Re: [PATCH 8/5] llist: Remove cpu_relax() usage in cmpxchg loops

From: Peter Zijlstra
Date: Mon Sep 12 2011 - 11:09:31 EST


On Mon, 2011-09-12 at 10:47 -0400, Mathieu Desnoyers wrote:
> * Andi Kleen (andi@xxxxxxxxxxxxxx) wrote:
> > On Mon, Sep 12, 2011 at 04:05:58PM +0200, Peter Zijlstra wrote:
> > > Subject: llist: Remove cpu_relax() usage in cmpxchg loops
> > > From: Peter Zijlstra <a.p.zijlstra@xxxxxxxxx>
> > > Date: Mon Sep 12 15:50:49 CEST 2011
> > >
> > > Initial benchmarks show they're a net loss (2 socket wsm):
> > >
> >
> > May still save power.
>
> Looking at kernel/spinlock.c:
>
> void __lockfunc __raw_##op##_lock(locktype##_t *lock) \
> {
> [...]
> while (!raw_##op##_can_lock(lock) && (lock)->break_lock)\
> arch_##op##_relax(&lock->raw_lock); \
>
> so basically, in typical locking primitives (spinlock), it looks like
> lower power consumption is preferred over getting the raw maximal
> performance in fully contented scenarios.

Who says its about power consumption? That was a baseless claim made by
Andi which you propagate as a truth. Typically PAUSE is too short to
really save any power and the only gain of having it in loops is to
provide a window where another core on the cache domain can have a go.

If power consumption would be the prime concern Intel should fix their
damn mwait implementation so we can use that for locks. Local spinners +
mwait would give a very power efficient 'spin'-lock.
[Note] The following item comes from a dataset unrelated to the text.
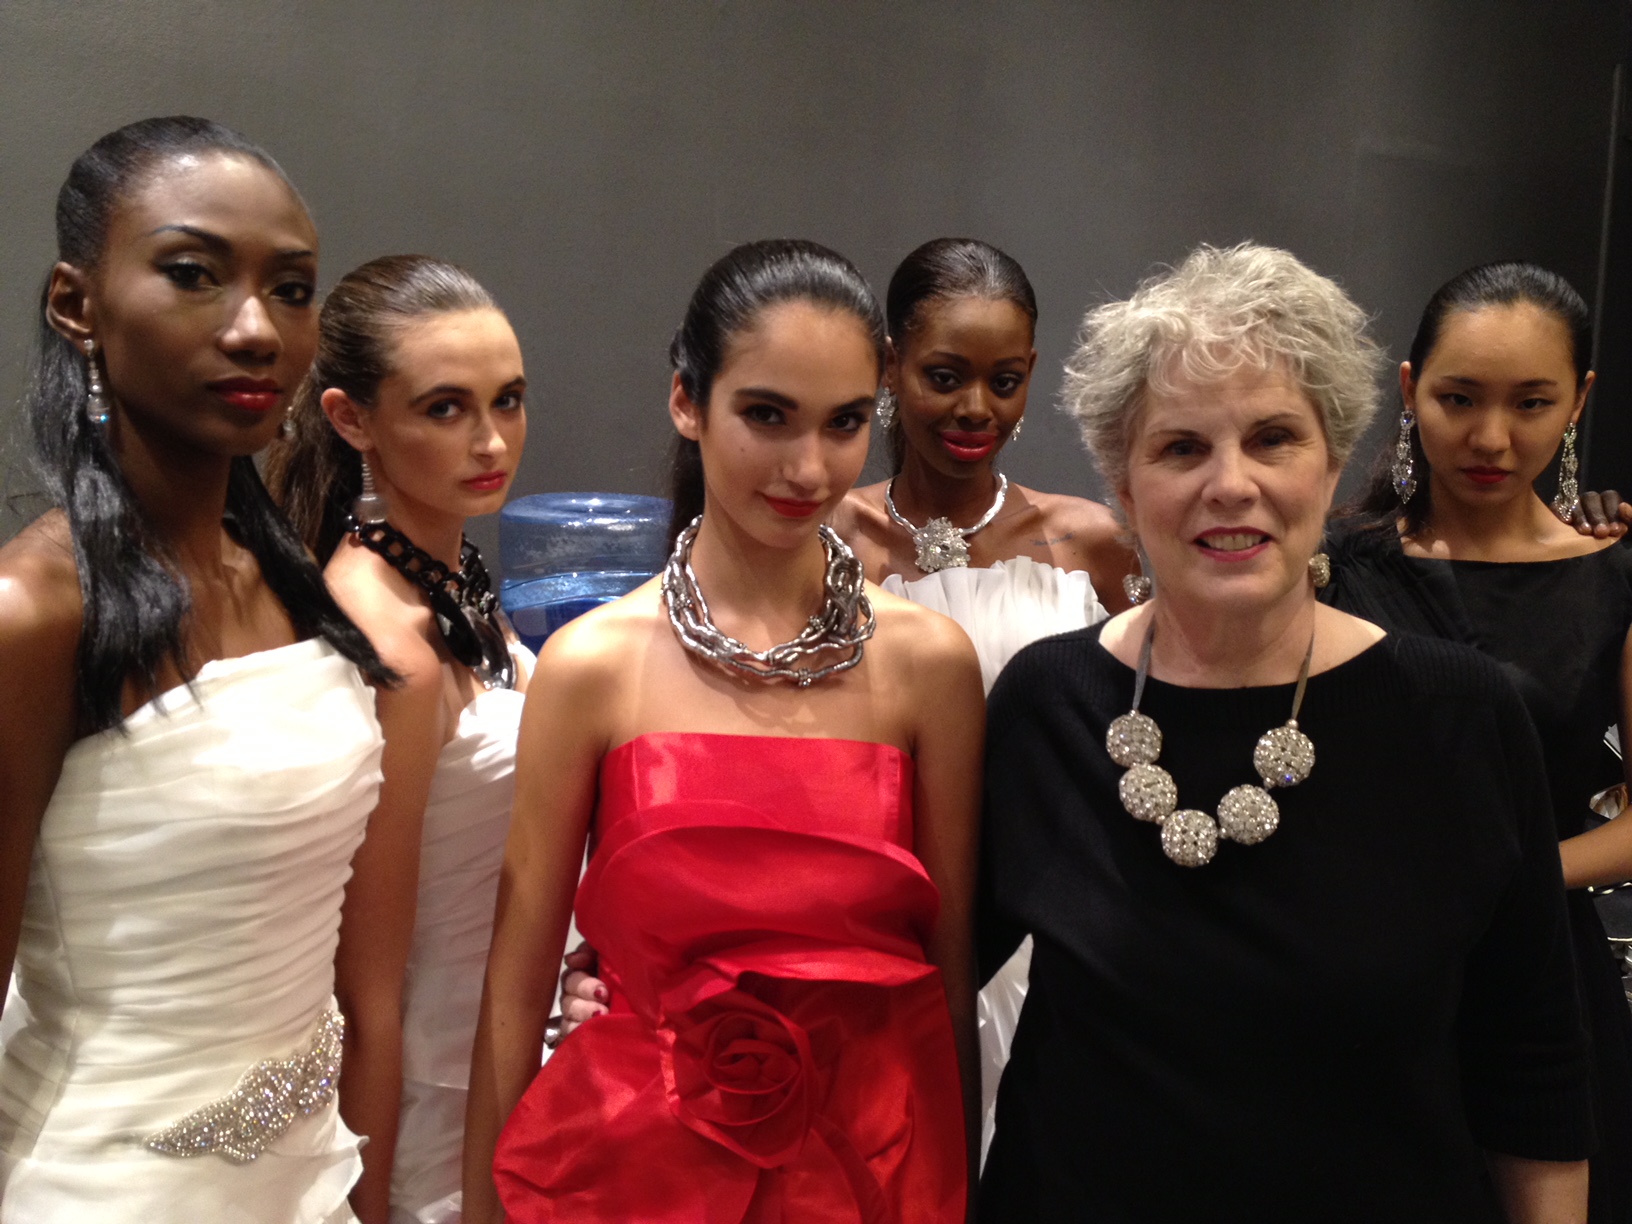 Fashion Collection Colors of Tango. Behind the scenes Washington DC Fashion Week
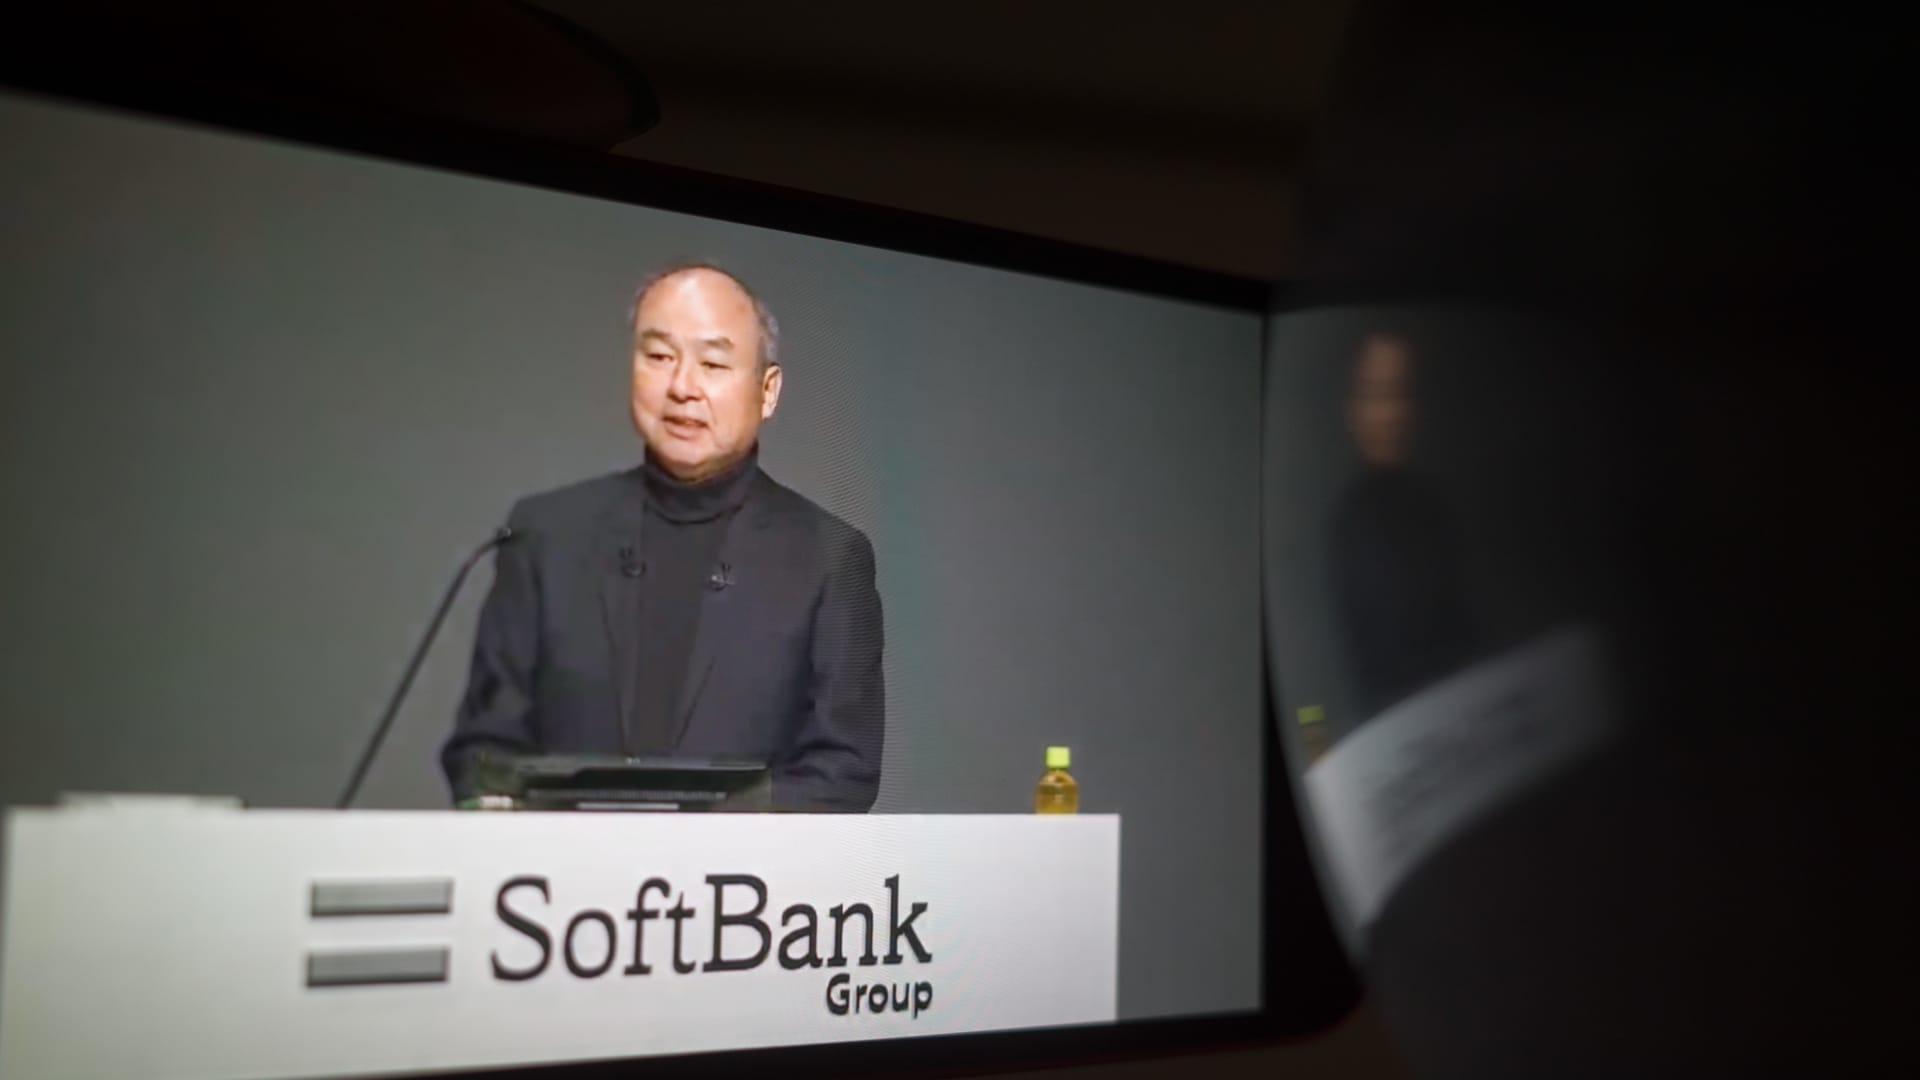 SoftBank shares extend their surge, pop more than 15% on earnings beat

> So what is the rationale for making those lock-less lists retry scheme
> different from spinlocks here ?

PAUSE should help on the medium contended case (it would be pointless on
heavy contention), but hurt the lightly contended case. We have all
kinds of contention spinlocks in the kernel, but we don't as of yet have
very contended llist users in the kernel.

Furthermore, I would argue we should avoid growing them, significantly
contended atomic ops are bad, use a different scheme.